“You’re gonna learn—stay outta people’s businesses.”

The tallest made two mistakes. He forged ahead of the others and he lowered one hand to reach for his blackjack. Bell took advantage with a one-two combination that knocked the gangster to the pavement. Guard up—left hand and forearm protecting his chin and gut, right positioned to slough off a punch or throw his own—he bloodied a nose with a lightning jab and back-stepped as fast as he had waded in.

“Last chance, boys. Out of my way.”

The short guy laughed. He thrust out his hand with a sharp twist and his blackjack slid from his sleeve into his palm. “Last chance? Gonna fight three of us?”

“Not while wearing my best suit.”

Bell flared open his coat, revealing the use-polished grips of the Colt automatic in his shoulder holster. “I will shoot two and fight the last man standing.”

Isaac Bell headed to the Bellevue Hospital morgue late the following afternoon, where he showed Anna’s photograph to a recently appointed assistant coroner.

“I have no Anna Pape. And no Anna Waterbury.”

“Any unknowns?” Bell asked.

The new assistant was working hard to modernize the obsolete institution that had been run for too many years by a commission of elected, often unqualified, and occasionally corrupt coroners. Improvements included making a record of the dead with photographs. He flipped through the file pages, and Bell agreed when he said, “No kids like this one—funny you should ask, though. We might have a younger woman coming in later. Sounded like a murder. One of the bosses went over himself.”

“Where?”

“In the Tenderloin.”

Bell asked for the address, caught the trolley across 34th Street, and strode swiftly down Eighth Avenue to West 29th Street. Captain Mike Coligney was standing outside a run-down building of flats. He was talking to a coroner Bell did not know personally and ignoring shouted questions from newspaper reporters held at bay by uniformed cops. Bell walked past, exchanged a private glance with Coligney, and waited half a block away until the official drove off in a Marmon.

Coligney greeted him gravely. “Sorry, Isaac, she could be your girl.”

“Who found her?”

“The actor who lives here claims he came home from a month in the Midwest. He swears he didn’t know her. We’re holding him while we check, but it looks fairly certain he only left Pittsburgh this morning—the show he was in got canceled. She’s been dead at least a day.”

The reporters’ shouts grew insistent.
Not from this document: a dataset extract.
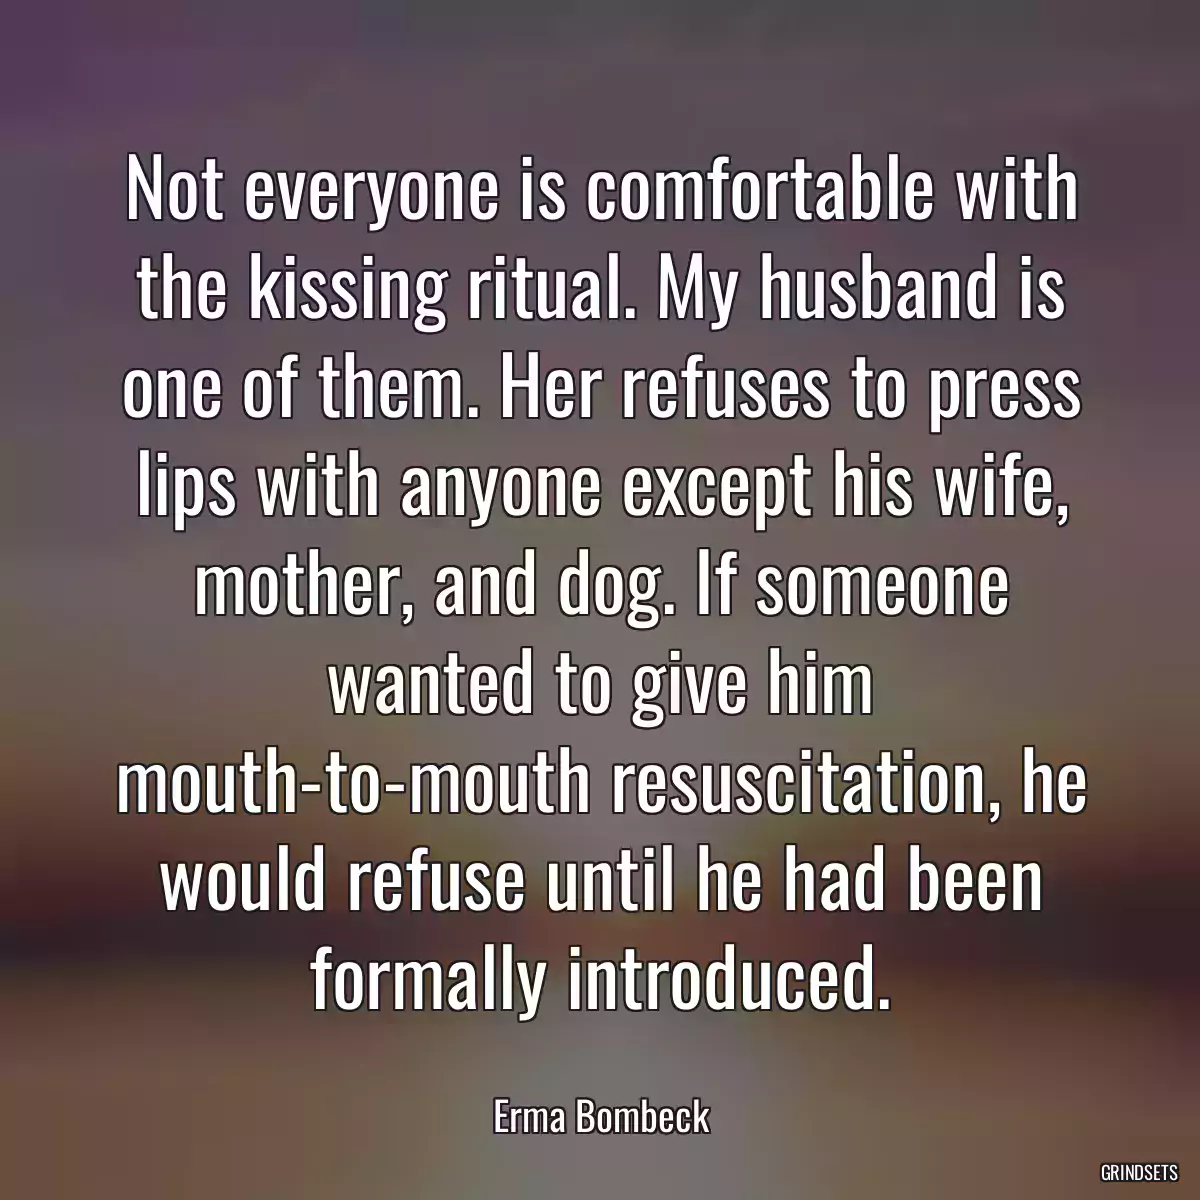 Not everyone is comfortable with the kissing ritual. My husband is one of them. Her refuses to press lips with anyone except his wife, mother, and dog. If someone wanted to give him mouth-to-mouth resuscitation, he would refuse until he had been formally introduced.

At an imperious glance from Coligney, his cops herded them farther down the street. He said to Bell, “I have six daughters. I won’t have salacious speculation about a child from a good home. It’s not that she was some unfortunate streetwalker.”

“Did the neighbors hear anything?” Bell asked.

“Not in the flat. Not in the hallway. Not in the lobby. We’re guessing she came under her own steam. In which case, she knew her killer.”

“Unless she was carried in.”

“We’ve got no witnesses to that. No, it looks personal. Vicious. Jealous rage.”

“May I see her?” asked Bell.

Coligney hesitated. Bell said, “A fresh pair of eyes can only help.”

“You’ll write me a report.”

“Of course. Thanks, Mike.”

Coligney raised a cautioning hand. “I don’t have to tell you not to touch anything. But just so you know before you go in there, Isaac. She’s really been carved up.”

5

Isaac Bell stood still and catalogued the location and

condition of everything in the room. Personal possessions—Shakespeare plays on a shelf by an easy chair; busts and engravings of the actors Booth, Mansfield, Irving, and Jefferson; photographs of leading ladies, signed and framed; and a glass box stacked with programs—confirmed the actor’s alibi as much as the punched train ticket he had shown Captain Coligney’s detectives. It was more a home than a rented room, and it had been left neat as a pin, drapes drawn, bed made, wardrobe closed. Dust thinly layered tabletops, and a spiderweb linked the busts, but a landlady or a neighbor must have watered the house plant, a healthy geranium, during the month he was away. The windows were shut tight, and Bell guessed the air would smell musty if it weren’t for the blood scent that lingered. He made a mental note that the killer had known the place was empty. The actor was lucky his show hadn’t closed a day earlier or he’d be dead, too.

She was on the bed, on her back, still half in her overcoat. Her hands were positioned at her sides, open, one in a glove, the other bare. Her palms bore no cuts. She had not fended off the knife. Her face, too, was unmarked, neither cut nor bruised. But it was swollen, and her skin was tinged blue. With her cheeks rounded in death, she looked remarkably similar to the cherubic photograph taken when she was fifteen.